In terms of coping strategies, the total PSS score was significantly (p < 0.05) correlated with the coping strategies. The more the positive adapted coping strategies, the lower the PSS (r = −0.23) and it was positively correlated with the adapted negative coping strategies. This explains why (we advise reading Doing What Matters in Times of Stress: An Illustrated Guide). The need to give people useful tools to help them manage stress is emphasized in the stress management book Coping with Distress. Self-help techniques can be practiced every day for as little as a few minutes (113). Consequently, it is crucial to create and implement health education programmes for college students.

Stress coping strategies

According to the various coping techniques described by (40, 41). Coping strategies for stress are different from one another. Students resorted to the following ways to relieve stress: One thousand and five (68.5%) preferred isolation, while 913 (66.5%) preferred excessive sleeping as the most common coping method, although these coping strategies may be symptoms of stress (23). That is in line with the fact that, when things are stressful, students tend to avoid social situations by hiding or sleeping more than usual.

More than four hundred university students (31.3%) try eating as a way to emit the angry or stressful energy contained within. This can be attributed to the fact that stress increases appetite and a hunger sensation, in addition to sugar cravings, which serve as a symptom as well as a coping mechanism. Cravings lead to poor eating habits, such as eating highly processed foods that are low in protein and fiber but high in glycemic load. This causes inflammation, which suppresses the neurotransmitter orexin directly (which is key in regulating wakefulness and energy levels). Energy drinks, ironically, deplete your energy levels the most. Clinical studies also revealed high food consumption, specifically of palatable foods, during periods of psychological stress (95). Glucocorticoids make people eat more food that they find tasty. This is linked to reward-based eating as a way to lessen the stress response (92, 96).

Referring to the religious background of the Egyptian society, 912 (62.2%) university students were praying to relieve their stress. Five hundred four (34.4%) preferred speaking with a friend over talking with family. Three hundred forty-six (23.6%), because speaking with others can trigger hormones that relieve stress (23). Logically, students would share similar stressors based on their age and study nature. Therefore, they would understand each other more than their families. Only 11.02% adapted exercise that serve as a distraction from negative thoughts and pause the negative cycle of stress (114).

While the least followed coping method was smoking, 66 (4.5%), this is attributed to the fact that some people smoke as self-medication to ease feelings of stress. As nicotine creates an immediate and temporary sense of relaxation, people falsely think that smoking reduces stress and anxiety. But actually, smoking increases anxiety and tension, plus there its negative effects on health (115). This small percentage may be attributed to the fact that 78.9% of the recruited students were females, and smoking is not acceptable among females in Egypt due to cultural factors besides religious factors.

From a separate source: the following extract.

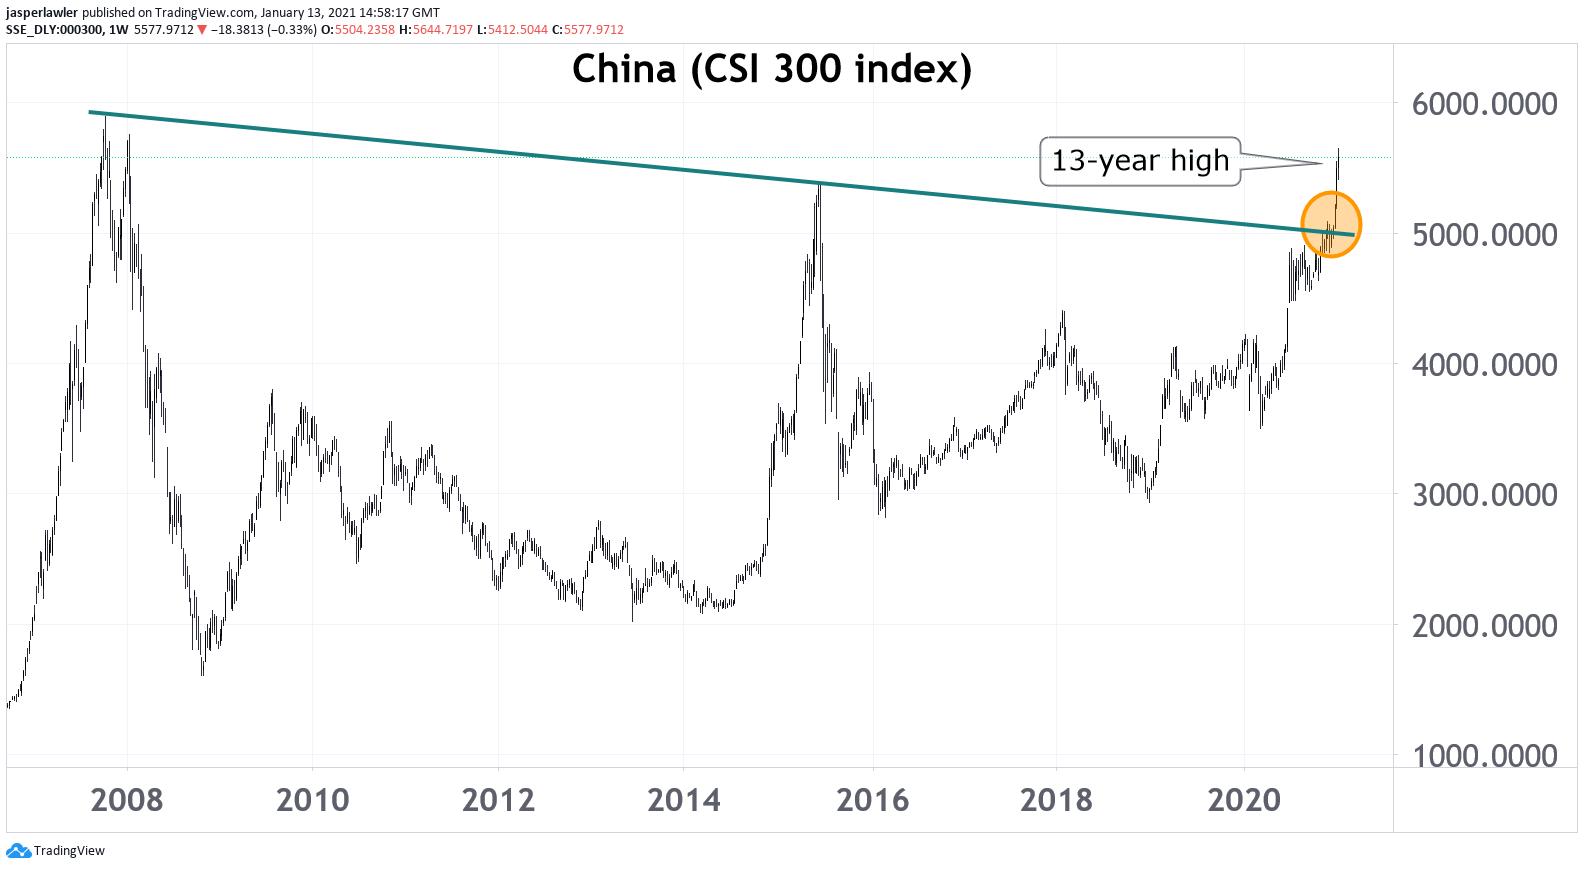 China CSI 300

Coping strategies employed by students in dealing with academic stress vary among different studies. For example, in Nigeria, for example, the top six coping strategies were as follows: adopt a positive attitude; yell and scream; exercise; talk to friends; think about their goals to put things in perspective; and go shopping or to a place of worship (114). Students at the UEW Winneba Campus preferred the emotion-focused style to the problem-focused style in dealing with stress (116). A survey of undergraduate pharmacy students at the University of Khartoum revealed that the most frequent strategies were praying (84.4%) and maintaining some control over the situation (61.9%) (117). In Hong Kong, Chinese university students seemed to prefer positive coping strategies (namely, “Problem Solving” and “Seek Social Support”), especially “Problem Solving” (118), while in Poland, there are various coping strategies which are preferred by different categories of students (119).

Unfortunately, only 46 (3.1%) went to a psychiatrist, which helped to personalize the best healthy strategies to deal with stress according to everyone's needs and lifestyle (34). That may be attributed to the lack of students' awareness of their mental health, fearing stigma, the cost, and their tight timetable. There were also other ways with a minimal percent described by students. Only 3 (0.2%) of the recruited university students said they adopted relaxation techniques such as meditation, yoga, and deep breathing to reduce stress and boost feelings of joy through activation of the body's relaxation response, which increases concentration, reduces stress and anxiety, alleviates depression, and enhances our overall mental health (23).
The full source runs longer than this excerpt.